The provincial Tories are crying foul over the government’s handling of a freedom of information request concerning a scandal involving a former cabinet minister.
The Conservatives filed an access to information request under the Freedom of Information and Protection of Privacy Act (FIPPA) in May 2012 to find out whether former immigration and multiculturalism minister Christine Melnick had directed government bureaucrats to invite members of the city’s immigrant community to a legislative debate.
That request failed to turn up evidence that Melnick directed an assistant deputy minister in her department to issue the invitation, something she denied at the time.
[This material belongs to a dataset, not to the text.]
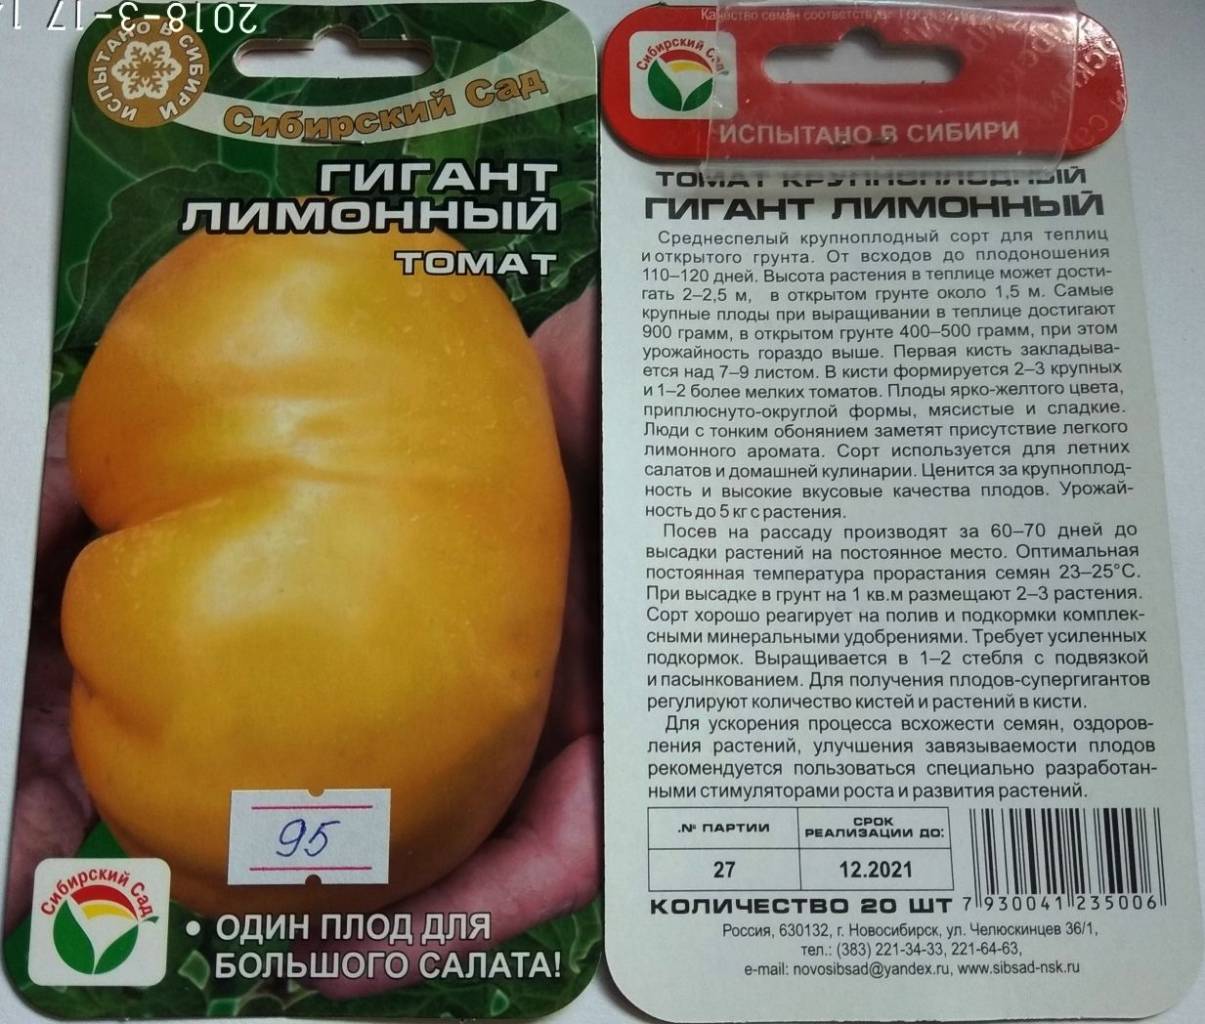 Томат биг биф f1: описание характеристик сорта помидора с фото русский фермер

However, when the Tories filed virtually the same FIPPA request this past January, they received a copy of an e-mail that would have forced Melnick and the NDP to admit the minister’s involvement 17 months before it was revealed in a report by the provincial Ombudsman.
FIPPA becoming 'government protection program': Tories
Progressive Conservative House Leader Kelvin Goertzen said the fact that an incriminating e-mail was withheld when his party made its first request raises concerns about the integrity of the access to information process in Manitoba.
"I think that the problem is that the freedom of information program has become something like the government protection program," said Goertzen.
Among the information the Tories received in its second FIPPA request was an e-mail from a civil servant to several other bureaucrats, including Melnick’s assistant deputy minister Ben Rempel, concerning the invitation. (Rempel wound up sending out the invitation.)
The first sentence of the missive, dated April 18, 2012, begins: "As requested by the Minister...," confirming Melnick’s role in the matter.
Goertzen said if the government does not provide an adequate explanation for failing to include the email in its first FIPPA request, the Conservatives will file a complaint with the Ombudsman’s office.
E-mail 'simply missed': government
Jeff Parr, deputy minister for the Department of Labour and Immigration (as the portfolio has been constituted as since last fall), issued a statement Friday afternoon explaining that the department simply missed the incriminating email when it was first asked to retrieve it in the initial freedom of information request.
"There was no political direction to hold the email -- it was simply missed at the department level," Parr said in a statement.
He said the department discovered the missed email after the provincial Ombudsman requested in June 2012 that the government take another look into its files to see if anything had been missed. "The email was discovered in the course of that second search and provided to the Ombudsman in June of 2012," Parr said.
Christine Melnick was dropped from cabinet this past October. In December, her involvement in directing a government bureaucrat to invite members of the public to a partisan political event was revealed in a report by the Ombudsman.
Melnick was expelled from the NDP caucus Feb. 4 after accusing Premier Greg Selinger of making her a scapegoat in the controversy. She claimed it was Selinger’s senior political advisers who were behind Rempel’s invitation.